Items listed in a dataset
= = = = = = =
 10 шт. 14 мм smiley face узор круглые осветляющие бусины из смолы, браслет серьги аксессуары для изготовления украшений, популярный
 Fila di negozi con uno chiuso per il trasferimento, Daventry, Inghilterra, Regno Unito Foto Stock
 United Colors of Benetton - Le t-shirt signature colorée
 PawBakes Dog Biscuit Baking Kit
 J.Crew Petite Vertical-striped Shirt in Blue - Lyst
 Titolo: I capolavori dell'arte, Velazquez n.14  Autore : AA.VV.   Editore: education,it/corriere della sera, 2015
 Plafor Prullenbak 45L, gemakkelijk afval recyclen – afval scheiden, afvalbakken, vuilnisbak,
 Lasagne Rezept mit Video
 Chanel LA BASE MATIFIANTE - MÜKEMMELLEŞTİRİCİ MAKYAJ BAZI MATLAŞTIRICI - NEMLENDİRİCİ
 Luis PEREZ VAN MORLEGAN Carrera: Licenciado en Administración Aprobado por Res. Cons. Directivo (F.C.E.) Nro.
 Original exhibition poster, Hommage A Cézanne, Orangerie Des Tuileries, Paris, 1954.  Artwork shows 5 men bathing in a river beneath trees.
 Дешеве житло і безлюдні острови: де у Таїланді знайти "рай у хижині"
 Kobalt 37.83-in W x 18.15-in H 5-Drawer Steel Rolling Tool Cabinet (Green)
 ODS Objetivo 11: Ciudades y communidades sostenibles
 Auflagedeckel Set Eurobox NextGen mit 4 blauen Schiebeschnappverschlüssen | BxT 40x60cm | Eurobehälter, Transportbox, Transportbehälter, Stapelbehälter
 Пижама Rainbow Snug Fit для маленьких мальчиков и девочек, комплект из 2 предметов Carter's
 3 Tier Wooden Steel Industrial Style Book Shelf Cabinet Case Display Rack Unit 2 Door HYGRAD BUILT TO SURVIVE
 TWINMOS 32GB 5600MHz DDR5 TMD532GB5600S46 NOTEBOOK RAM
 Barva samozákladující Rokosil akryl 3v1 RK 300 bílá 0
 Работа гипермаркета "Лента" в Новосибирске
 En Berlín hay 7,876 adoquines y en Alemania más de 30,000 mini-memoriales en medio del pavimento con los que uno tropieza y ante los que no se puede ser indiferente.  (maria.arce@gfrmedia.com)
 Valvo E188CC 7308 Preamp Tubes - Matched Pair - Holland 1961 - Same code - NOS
= = = = = = =
→ Instructions for the task: Your reply should hold all the entries, each repeated without a single change.

→ Solution for this exercise:
 10 шт. 14 мм smiley face узор круглые осветляющие бусины из смолы, браслет серьги аксессуары для изготовления украшений, популярный
 Fila di negozi con uno chiuso per il trasferimento, Daventry, Inghilterra, Regno Unito Foto Stock
 United Colors of Benetton - Le t-shirt signature colorée
 PawBakes Dog Biscuit Baking Kit
 J.Crew Petite Vertical-striped Shirt in Blue - Lyst
 Titolo: I capolavori dell'arte, Velazquez n.14  Autore : AA.VV.   Editore: education,it/corriere della sera, 2015
 Plafor Prullenbak 45L, gemakkelijk afval recyclen – afval scheiden, afvalbakken, vuilnisbak,
 Lasagne Rezept mit Video
 Chanel LA BASE MATIFIANTE - MÜKEMMELLEŞTİRİCİ MAKYAJ BAZI MATLAŞTIRICI - NEMLENDİRİCİ
 Luis PEREZ VAN MORLEGAN Carrera: Licenciado en Administración Aprobado por Res. Cons. Directivo (F.C.E.) Nro.
 Original exhibition poster, Hommage A Cézanne, Orangerie Des Tuileries, Paris, 1954.  Artwork shows 5 men bathing in a river beneath trees.
 Дешеве житло і безлюдні острови: де у Таїланді знайти "рай у хижині"
 Kobalt 37.83-in W x 18.15-in H 5-Drawer Steel Rolling Tool Cabinet (Green)
 ODS Objetivo 11: Ciudades y communidades sostenibles
 Auflagedeckel Set Eurobox NextGen mit 4 blauen Schiebeschnappverschlüssen | BxT 40x60cm | Eurobehälter, Transportbox, Transportbehälter, Stapelbehälter
 Пижама Rainbow Snug Fit для маленьких мальчиков и девочек, комплект из 2 предметов Carter's
 3 Tier Wooden Steel Industrial Style Book Shelf Cabinet Case Display Rack Unit 2 Door HYGRAD BUILT TO SURVIVE
 TWINMOS 32GB 5600MHz DDR5 TMD532GB5600S46 NOTEBOOK RAM
 Barva samozákladující Rokosil akryl 3v1 RK 300 bílá 0
 Работа гипермаркета "Лента" в Новосибирске
 En Berlín hay 7,876 adoquines y en Alemania más de 30,000 mini-memoriales en medio del pavimento con los que uno tropieza y ante los que no se puede ser indiferente.  (maria.arce@gfrmedia.com)
 Valvo E188CC 7308 Preamp Tubes - Matched Pair - Holland 1961 - Same code - NOS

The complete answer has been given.